▶ _Work required_:
Skip the images and print the listing exactly.

[Available data]

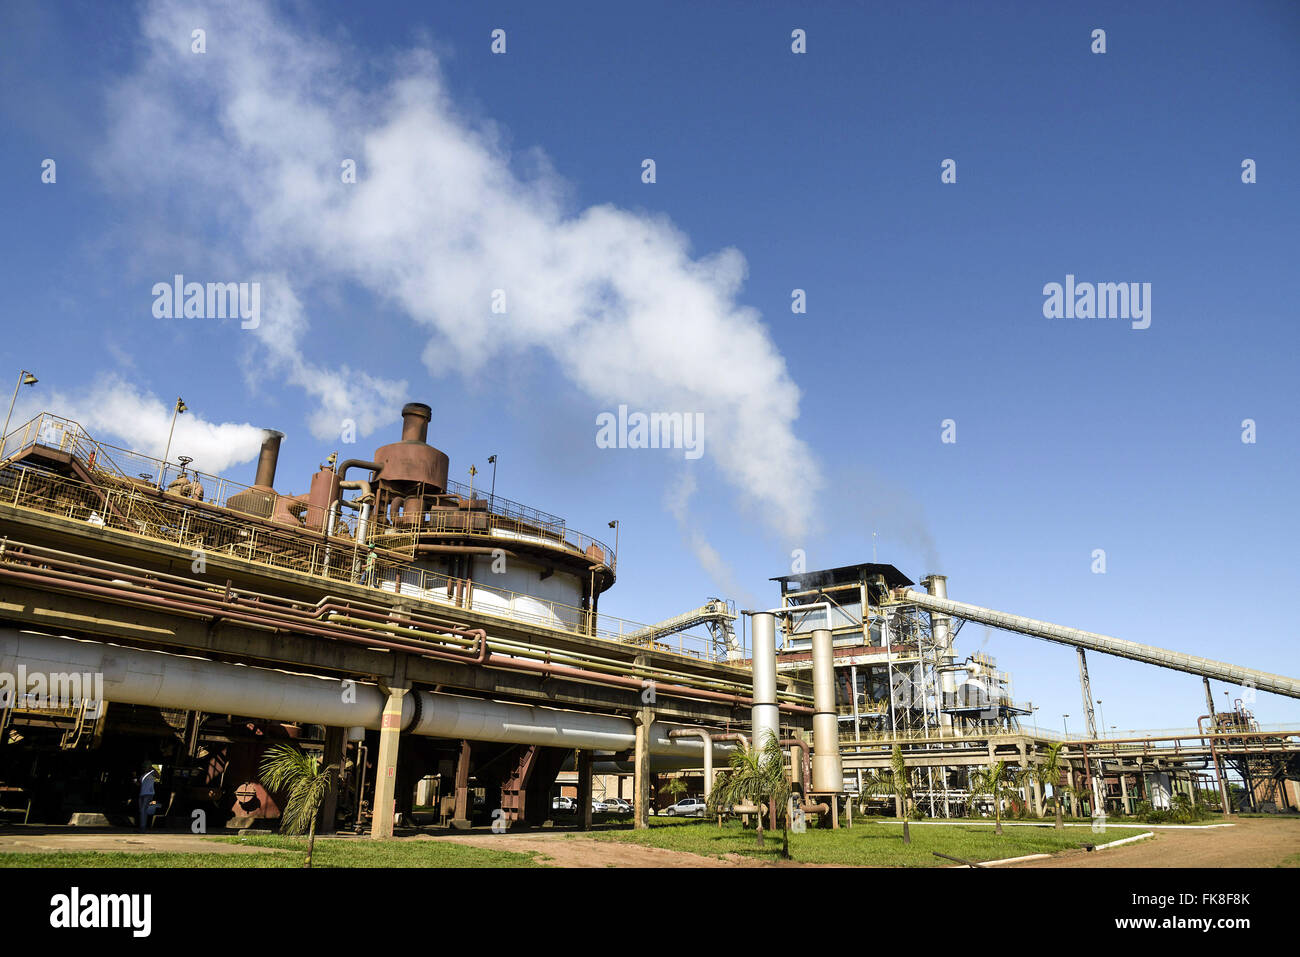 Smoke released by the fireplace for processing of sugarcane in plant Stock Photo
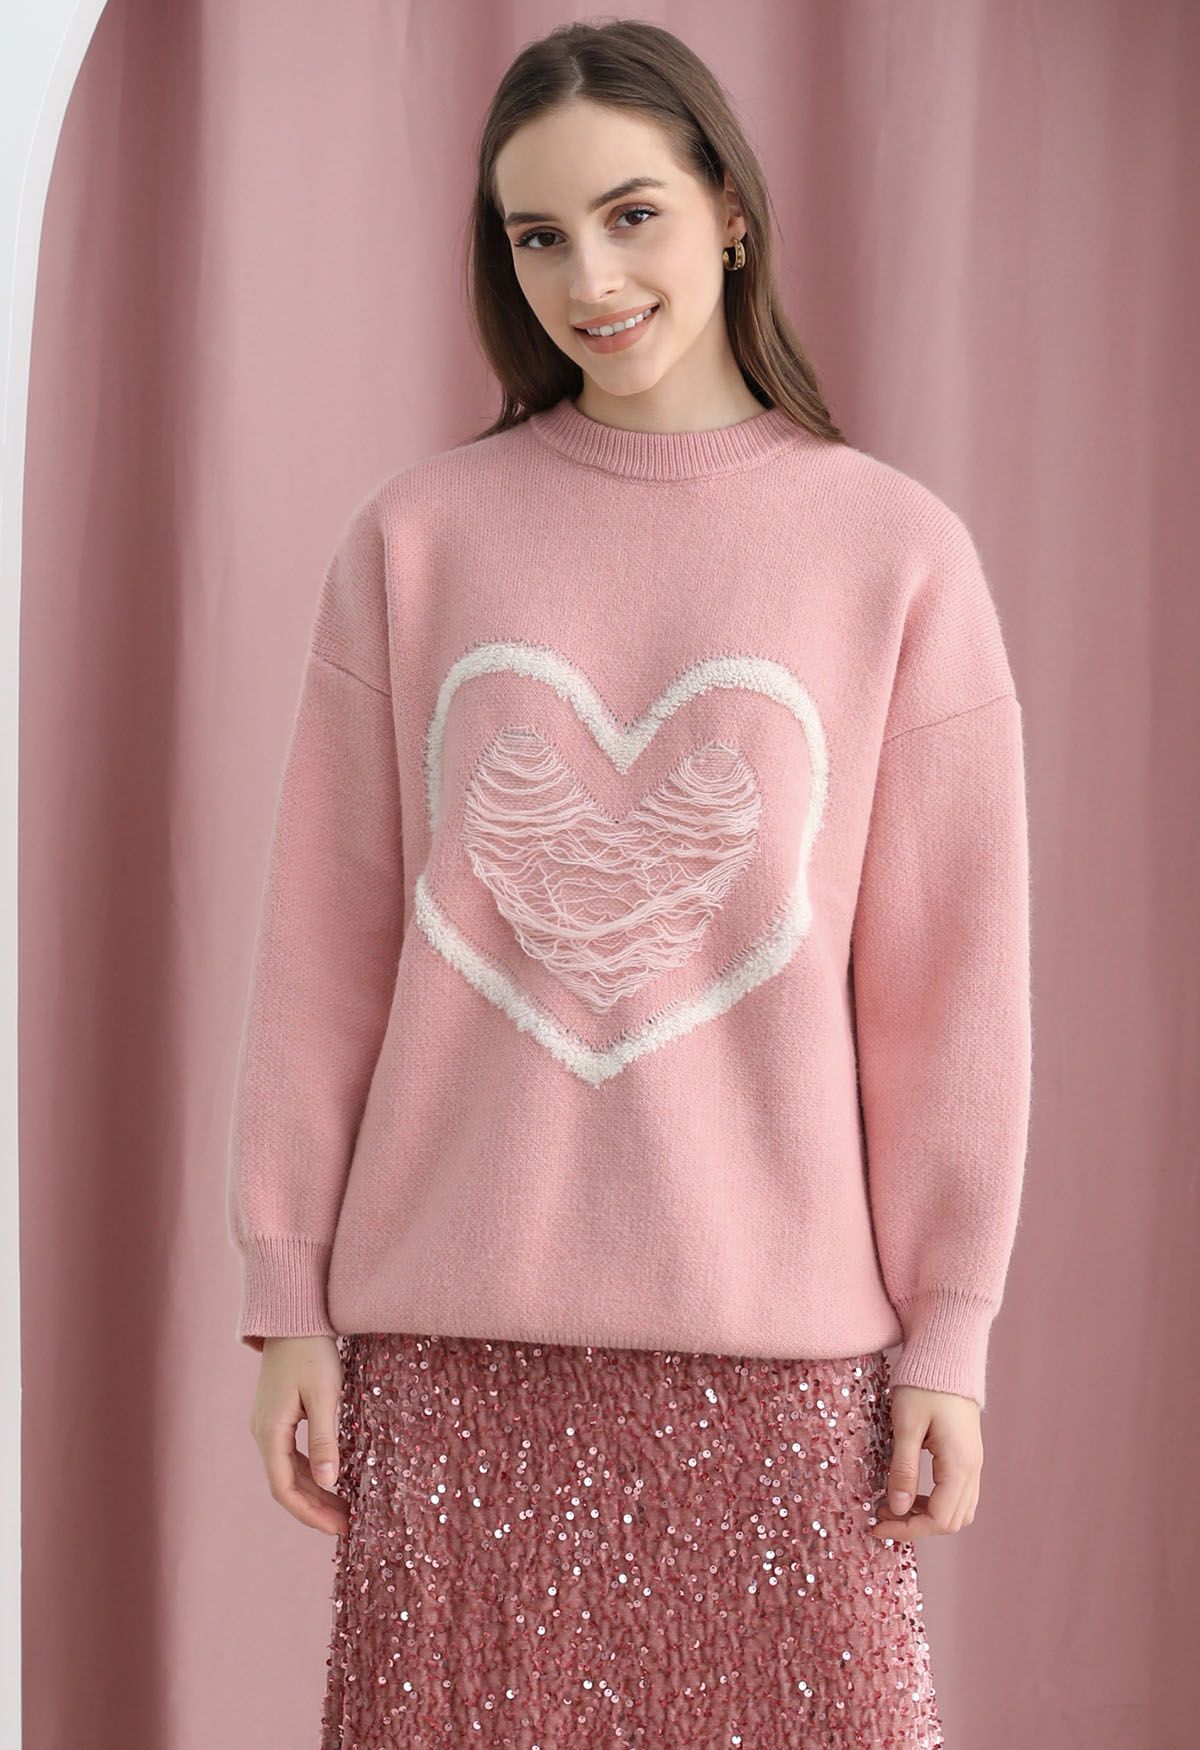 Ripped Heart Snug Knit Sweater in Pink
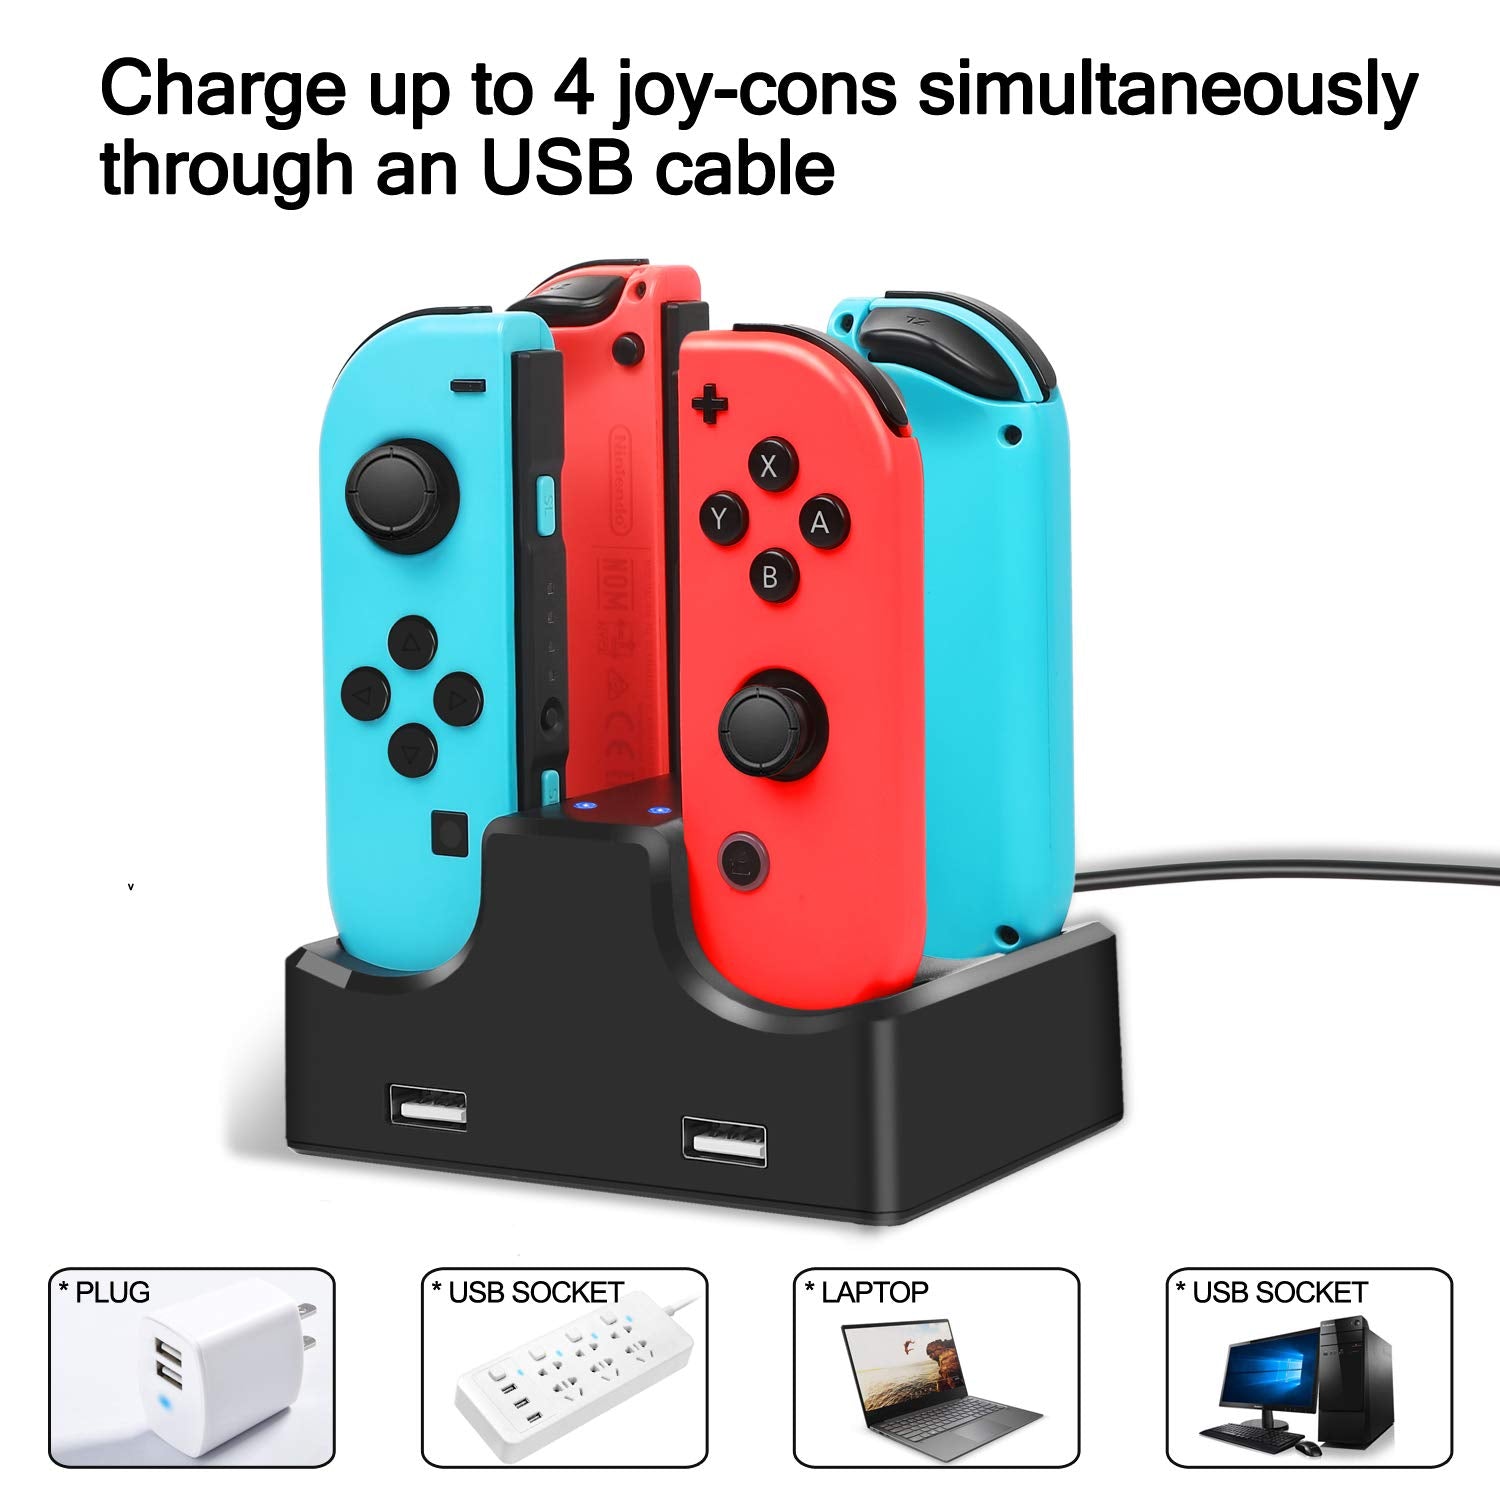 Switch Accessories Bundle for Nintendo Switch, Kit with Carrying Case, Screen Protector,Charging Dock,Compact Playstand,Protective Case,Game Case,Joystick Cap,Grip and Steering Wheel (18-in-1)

[/Available data]

▶ _Solution for this exercise_:
 Smoke released by the fireplace for processing of sugarcane in plant Stock Photo
 Ripped Heart Snug Knit Sweater in Pink
 Switch Accessories Bundle for Nintendo Switch, Kit with Carrying Case, Screen Protector,Charging Dock,Compact Playstand,Protective Case,Game Case,Joystick Cap,Grip and Steering Wheel (18-in-1)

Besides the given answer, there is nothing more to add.